#### [INFORMATION SUPPLIED]
= Beginning of Section =

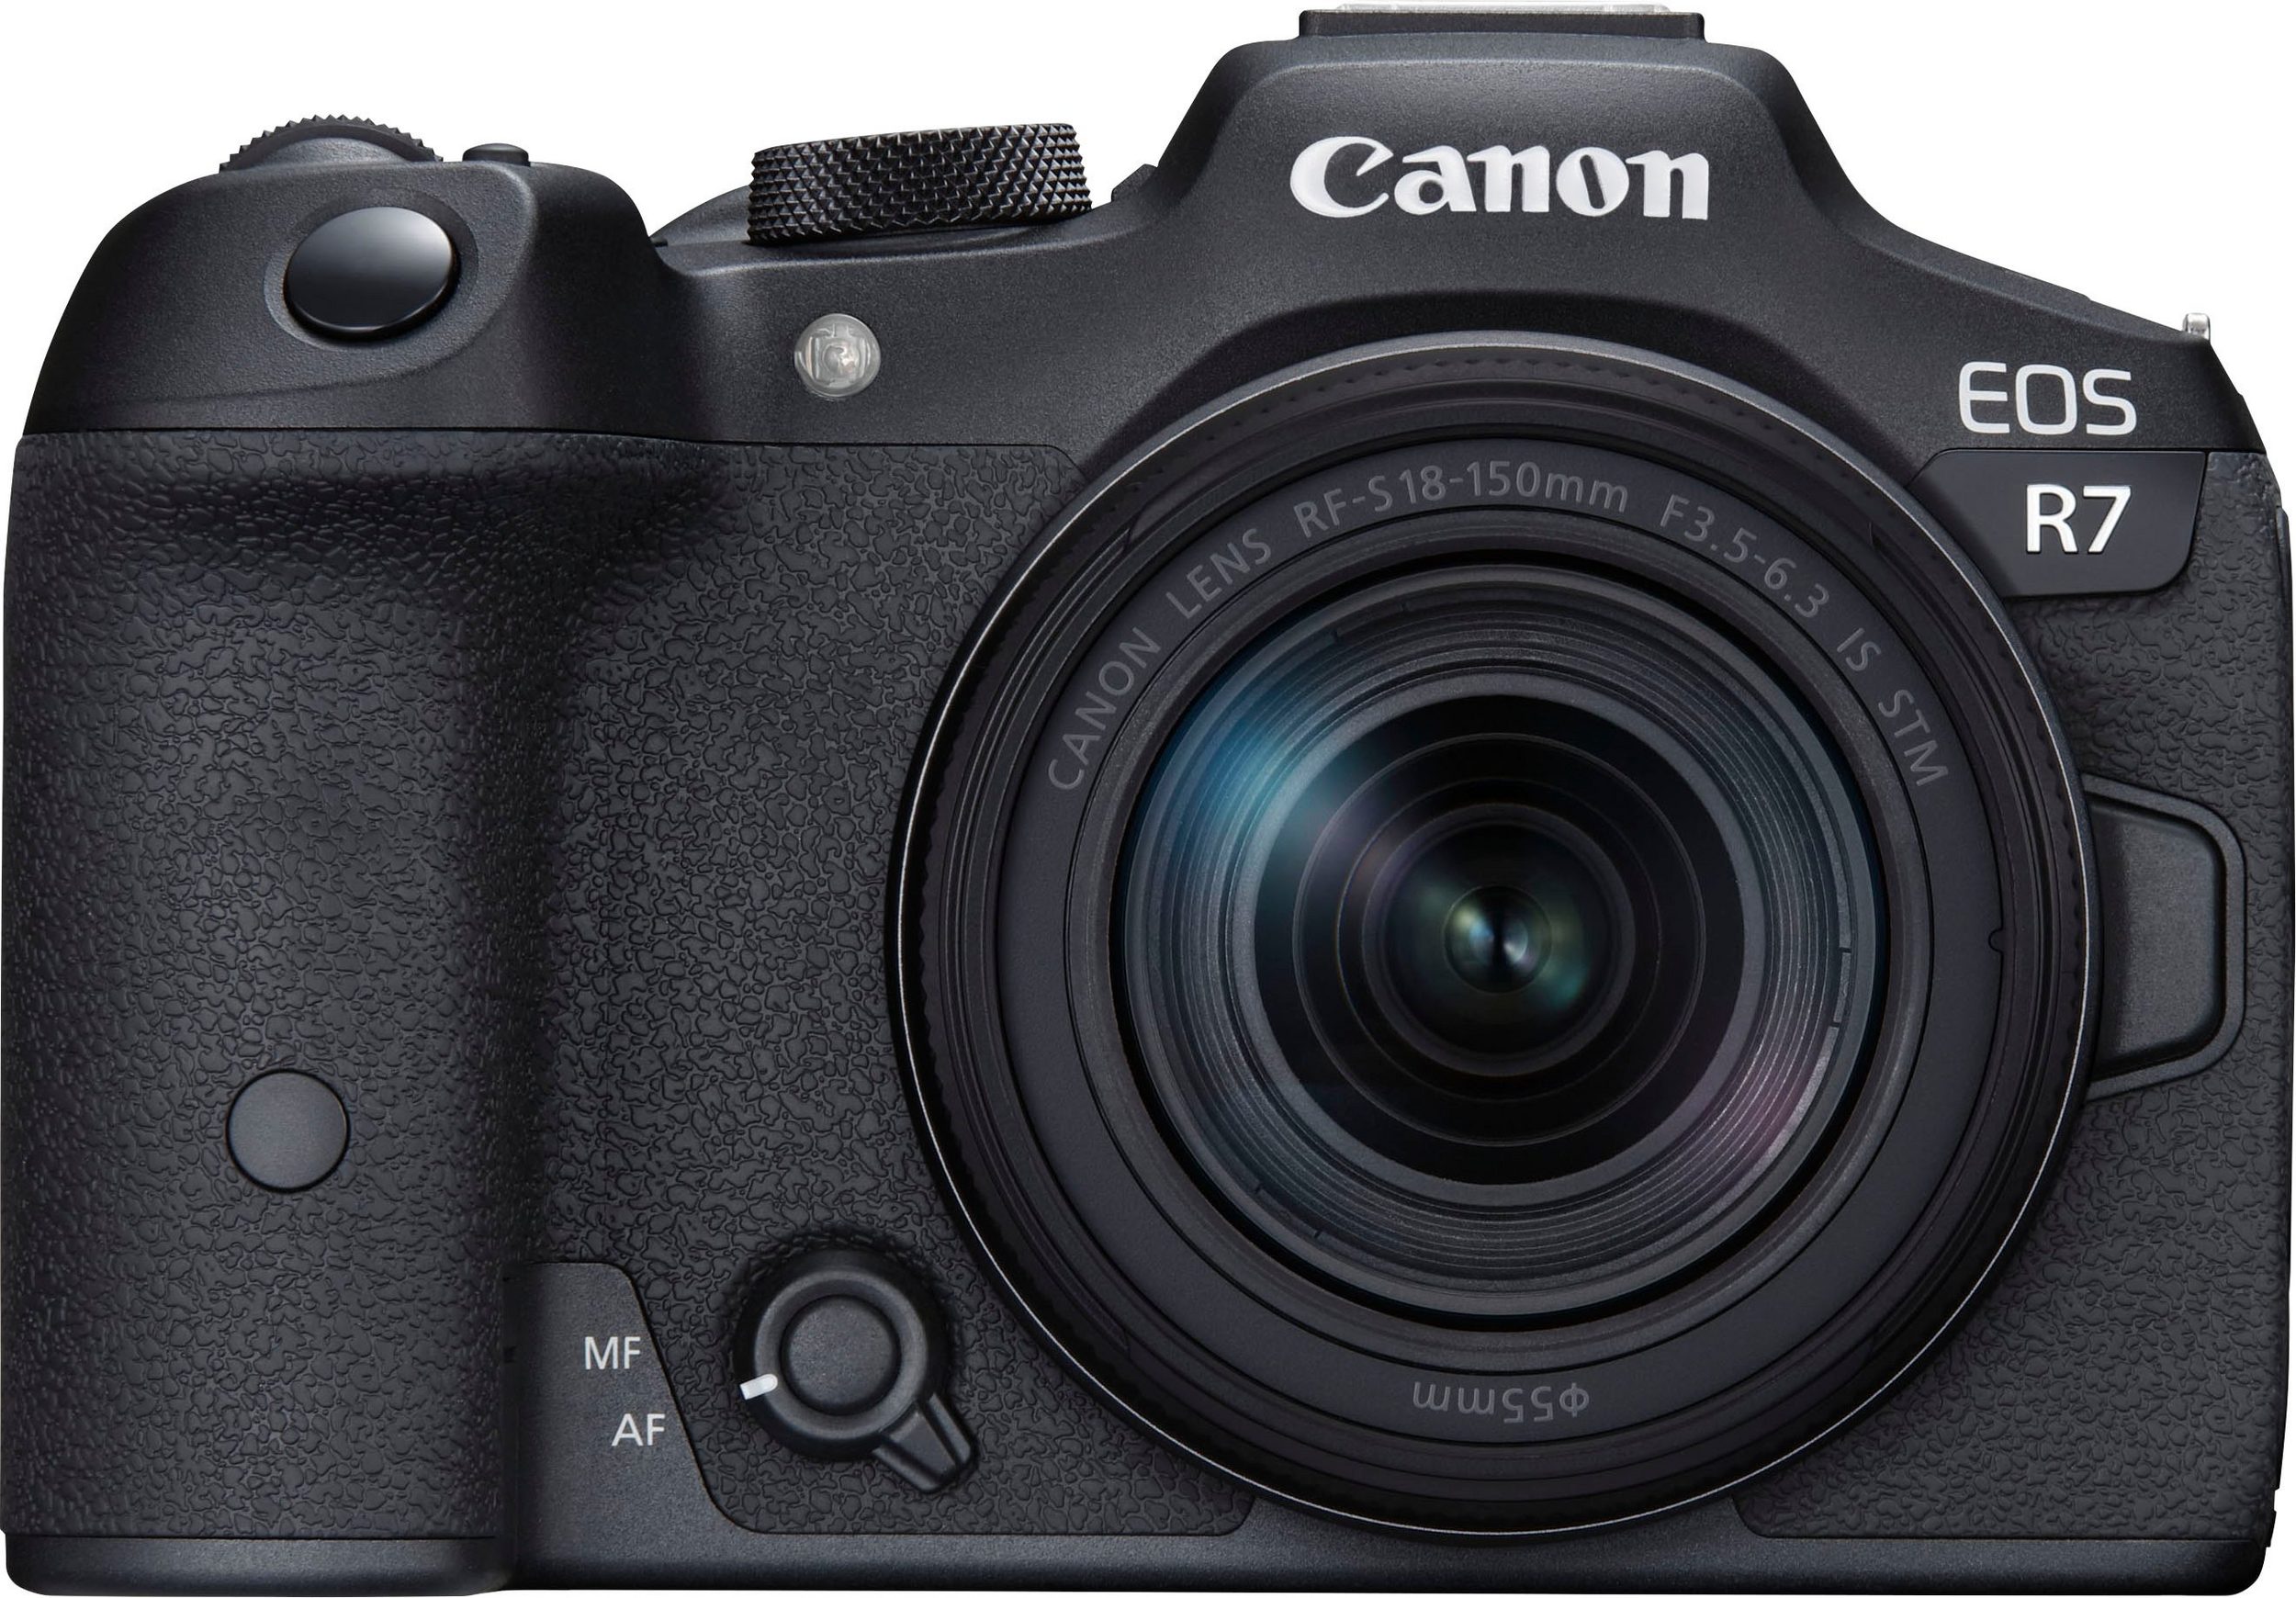 Canon Digitalkamera
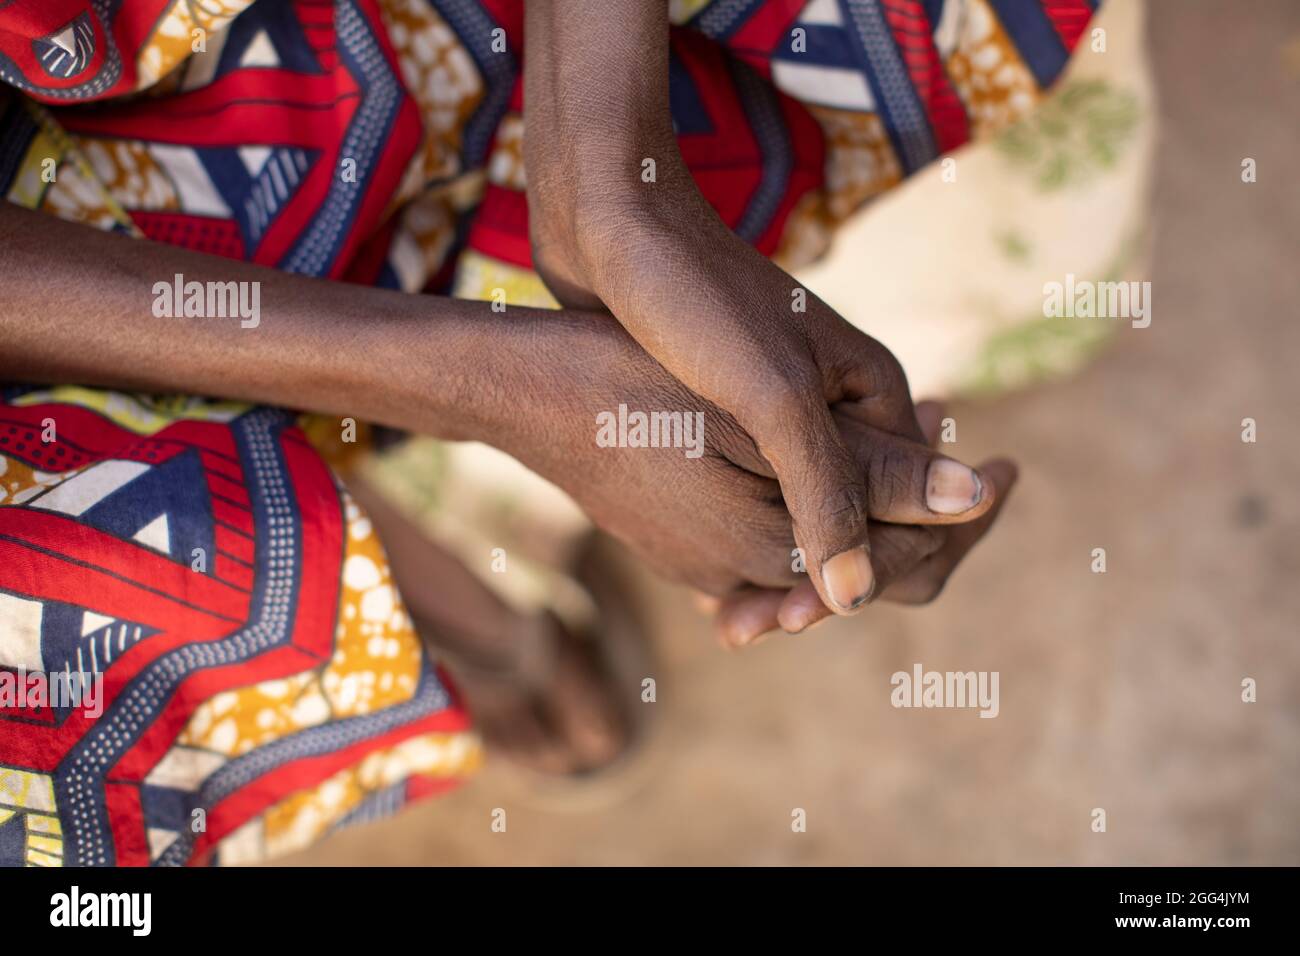 Aichata Sidibe (età sconosciuta) è la madre di tre figli, che si aspetta un quarto. Vivono in una piccola capanna singola nel villaggio di Siemana, Mali, mentre suo marito ha lasciato la zona per trovare lavoro. Trovare abbastanza cibo per nutrire la famiglia rappresenta una sfida costante, e i bambini sono spesso affamati. “quando i bambini non ricevono cibo si ammalano”, ha detto. “non è per molto tempo, ma devo poi affidarmi a Dio”. Crisi Sahel 2021; Barouéli Cercle, Mali. Feb 23, 2021. Foto di Jake Lyell. Foto Stock
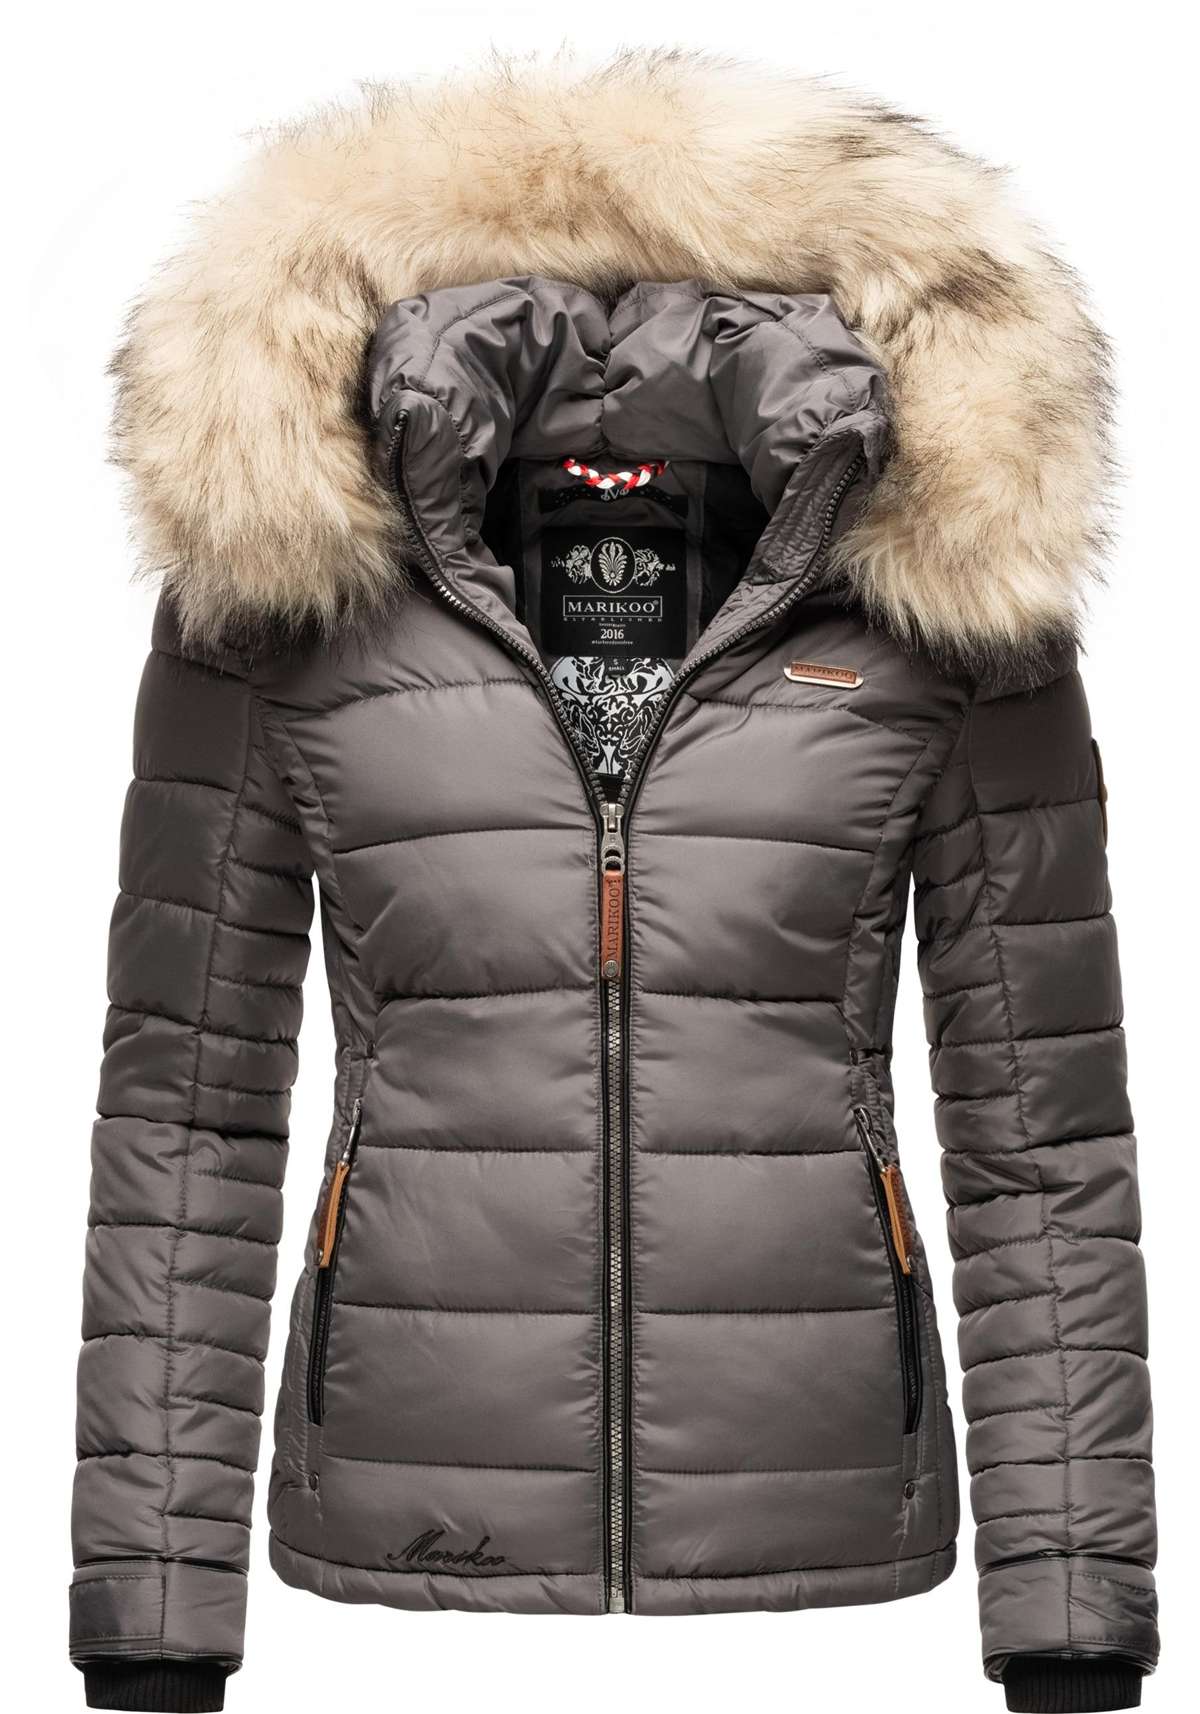 Зимняя куртка с капюшоном, зимняя стеганая куртка со съемным искусственным мехом.

= End of Section =

#### [WHAT THE EXERCISE ASKS]
The copy should begin at the line containing "Aichata Sidibe (età" and end at the last line of the data above; please restate those lines word for word without the pictures.

#### [EXPECTED ANSWER]
 Aichata Sidibe (età sconosciuta) è la madre di tre figli, che si aspetta un quarto. Vivono in una piccola capanna singola nel villaggio di Siemana, Mali, mentre suo marito ha lasciato la zona per trovare lavoro. Trovare abbastanza cibo per nutrire la famiglia rappresenta una sfida costante, e i bambini sono spesso affamati. “quando i bambini non ricevono cibo si ammalano”, ha detto. “non è per molto tempo, ma devo poi affidarmi a Dio”. Crisi Sahel 2021; Barouéli Cercle, Mali. Feb 23, 2021. Foto di Jake Lyell. Foto Stock
 Зимняя куртка с капюшоном, зимняя стеганая куртка со съемным искусственным мехом.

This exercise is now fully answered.